High performance interconnection networks [3, 4] is an important global infrastructure for supercomputers. It is the key to achieve high-speed collaborative parallel computing for all types of nodes in the system, directly affecting the performance and scalability of the system. The high-performance interconnection network is mainly composed of high performance adapters, high-radix switches, and high-speed links. Although the probability of failure of a single interconnect component is very low, as both the system scale and the link rate are increasing, the overall failure rate of high-performance interconnect networks will continue to rise [5], giving great challenge to the reliability of supercomputers.

Systems A, B and C are three operating domestic supercomputers. Their online operating hours, interconnected network scale, and link rates are shown in Table 1. Among them, System A has the longest service life and has been online for more than 7 years. System B has the largest scale of interconnected networks. It has used more than 2,000 switches, more than 46,000 optical fibers, and more than 18,000 adapters. The deployment time of System C is the latest, but its link rate is the highest, reaching 25 Gb/s.

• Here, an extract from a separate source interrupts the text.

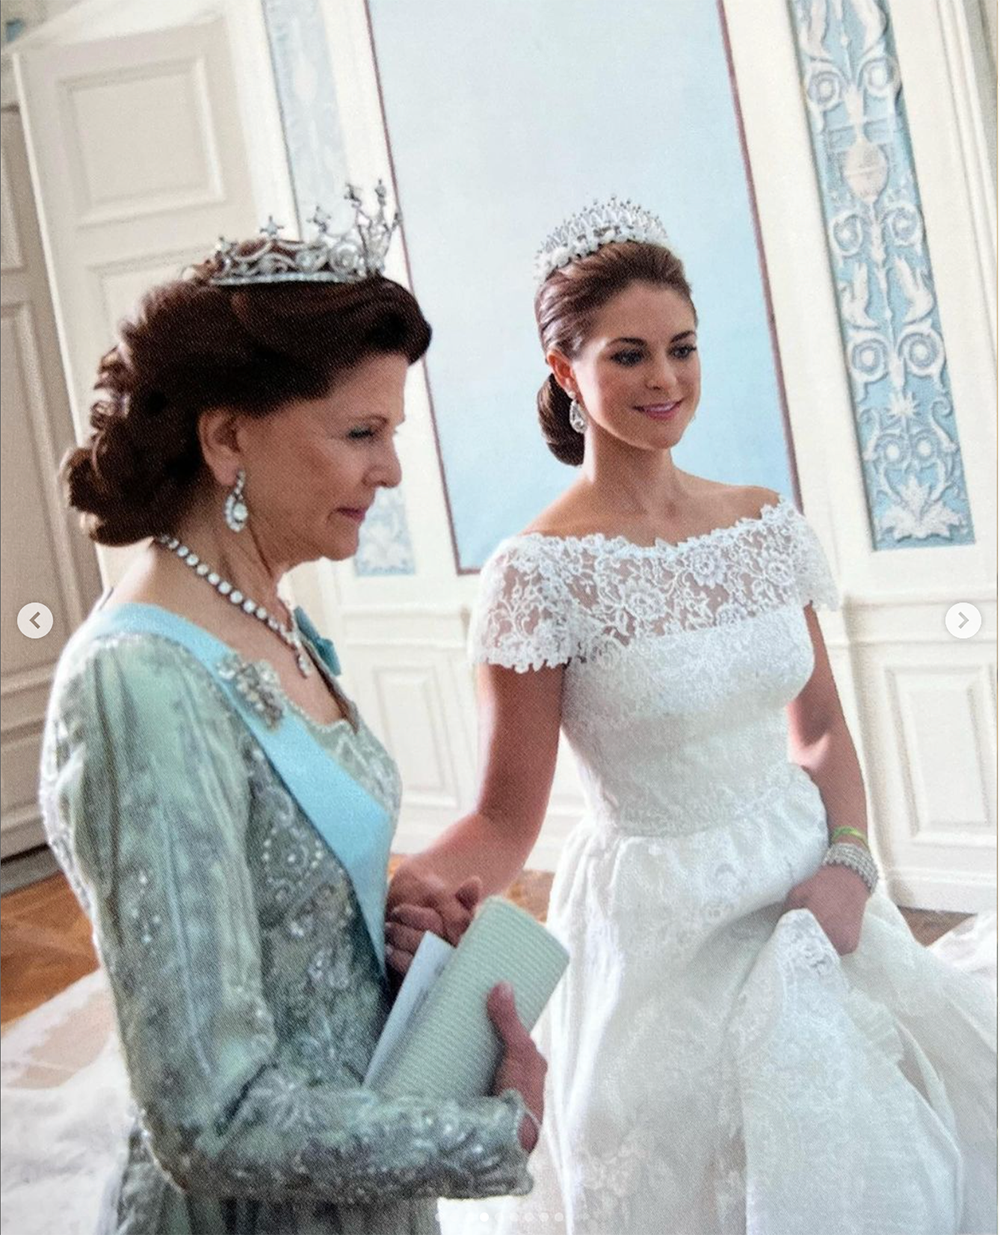 Drottning Silvia håller sin dotter prinsessan Madeleine i handen på hennes bröllopsdag.

Table 1. The scale and link speed of three supercomputers

According to different properties, interconnection faults can be classified into software faults and hardware faults, where hardware faults can be divided into switch, link, and adapter faults. Because the two ends of the link are connected to different switches, the failure of the link usually indicates that the port of the switch is in faulty. In real systems, link failures can be discovered by monitoring the port state of the switch.

Due to different deployment time of each system, the time span of operation and maintenance data statistics are also different. The first investigated HPC system, System A, in operation from December 2015 to May 2018. The system B was in operation from January 2017 to May 2018. The third investigated HPC system, System C, was online from January 2017 to June 2018. The proportions of various types of interconnection failures in the three systems are shown in Table 2. Hardware failures account for more than 90% of total interconnection failures in all three systems. Among them, the proportion of adapter failures is relatively small, mainly focusing on switch and link failures. In system A, the switch failures reached 81.05%, and the link failures were only 10.53%. The reason is that the link rate of system A is QDR, and as the service time of the system increases, the aging of electronic components leads to increased switch failures. System B and System C, on the other hand, use FDR and EDR fibers, and their link failure ratios reach 76.61% and 61.94%, respectively.

Table 2. Percentage of different kinds of interconnection failures

The first investigated foreign HPC system, Deimos, in operation from March 2007 to April 2012 at TU-Dresden, is a 728-node cluster with 108 IB switches and 1,653 links. Their hardware failure ratios reach 87%. The second foreign HPC system, TSUBAME2.0, online from April 1997 to August 2005, uses a dual-rail QDR IB network with 501 switches and 7,005 links to connect the 1,408 compute nodes. The dominated hardware failure is link failure, which reached 93% [5].

It is not difficult to find that with the increase of the system scale and the link rate, the link failure has become the most important type of failure in the interconnection network, bringing great challenges to the maintenance of the interconnection network.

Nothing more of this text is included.